## Given data
Content starts

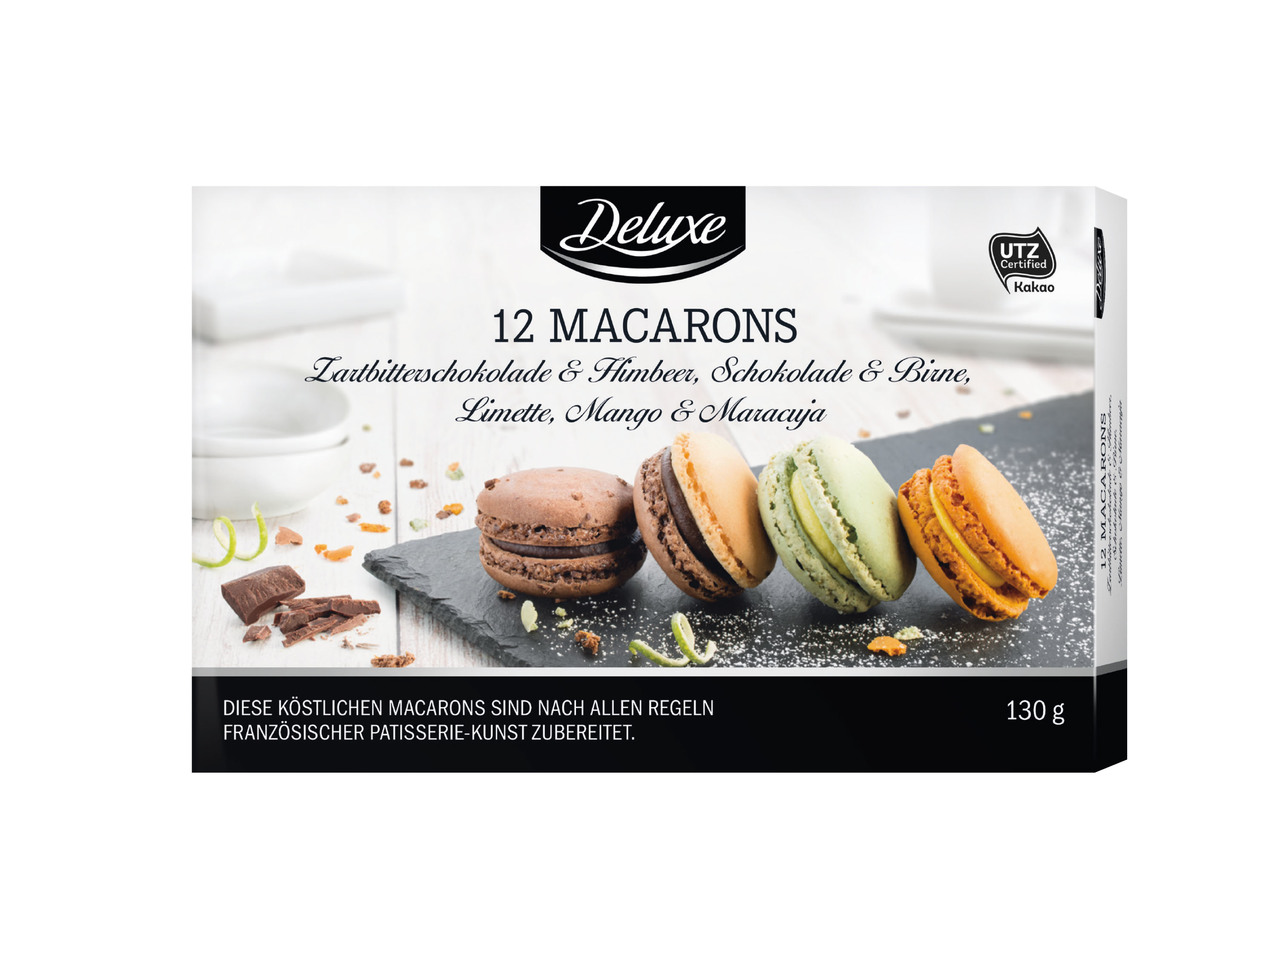 DELUXE(R) Macarons
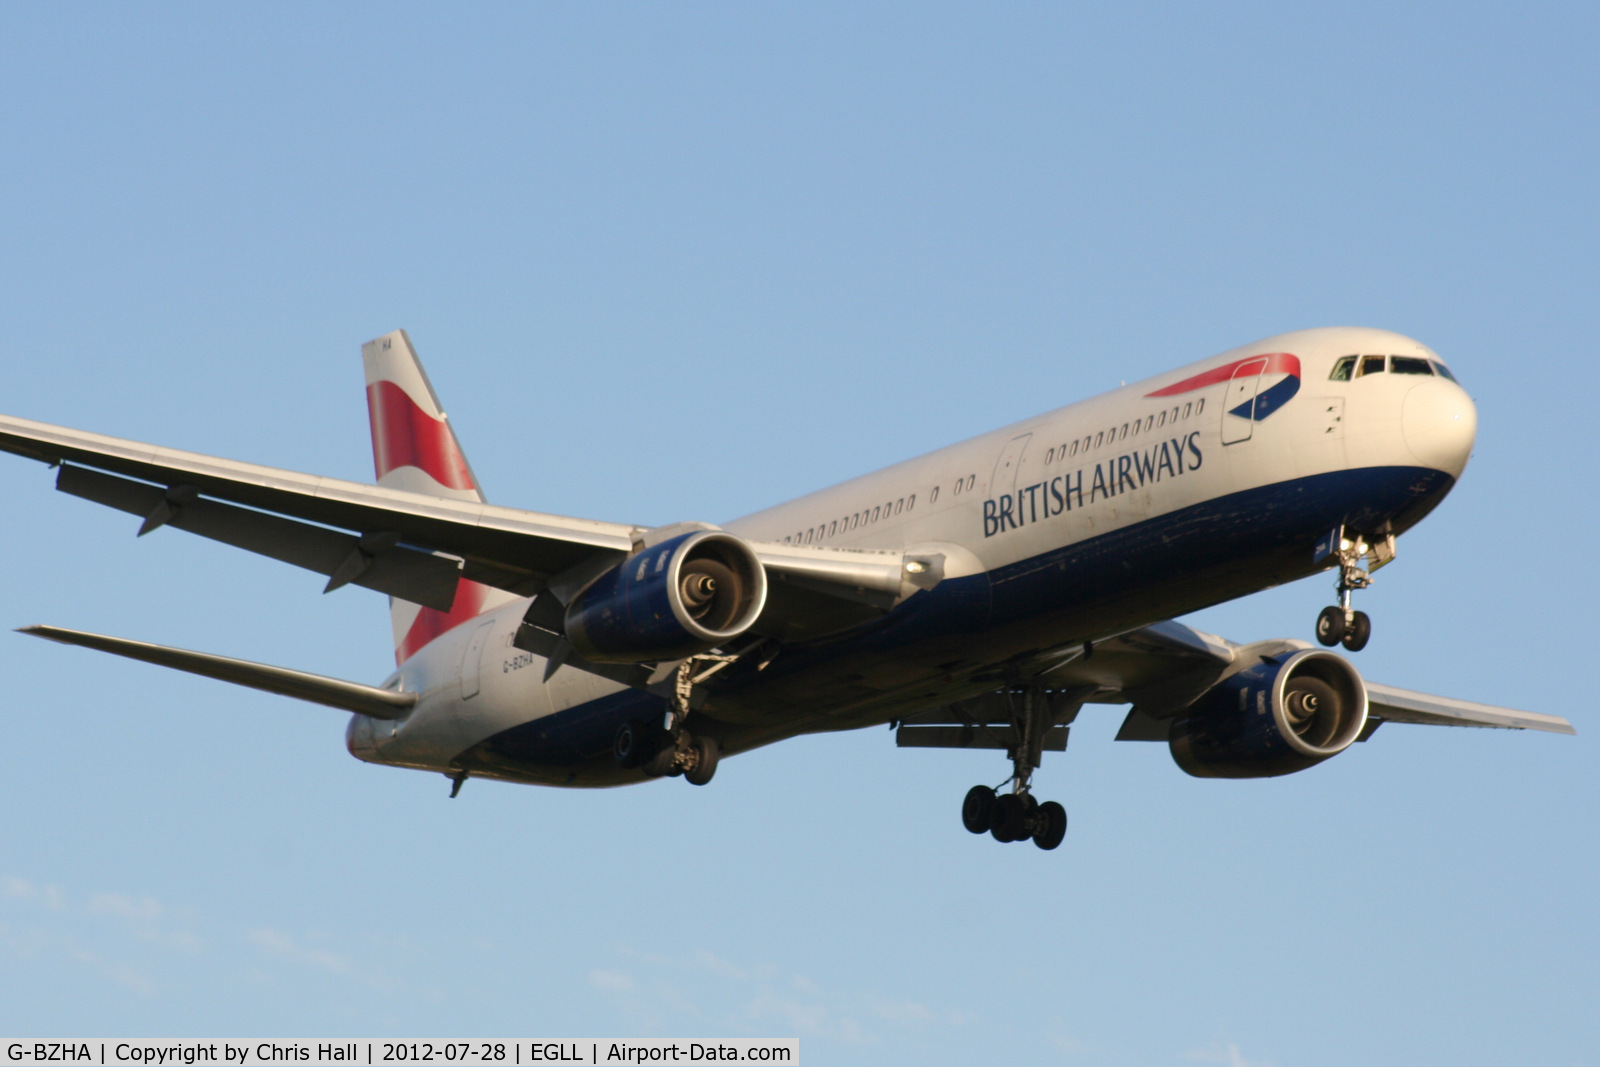 G-BZHA, 1998 Boeing 767-336 C/N 29230, British Airways
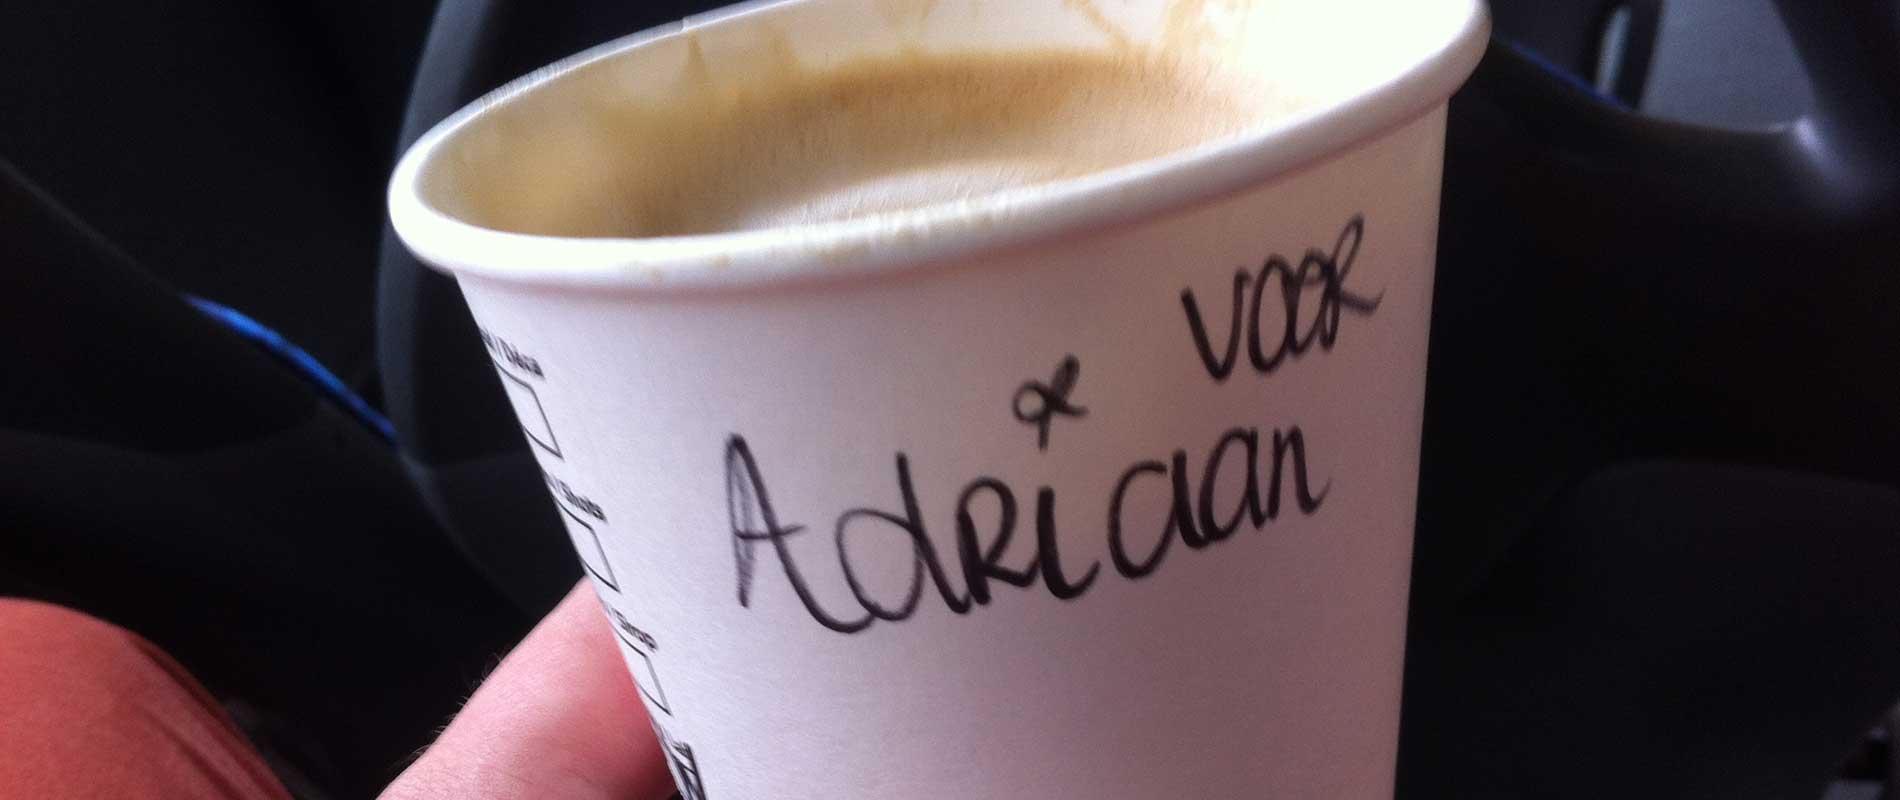 De koffiebeker van Adriaan bij de Starbucks

Content ends

## Problem description
Reproduce the listing above exactly, but skip the pictures.

## Task response
 DELUXE(R) Macarons
 G-BZHA, 1998 Boeing 767-336 C/N 29230, British Airways
 De koffiebeker van Adriaan bij de Starbucks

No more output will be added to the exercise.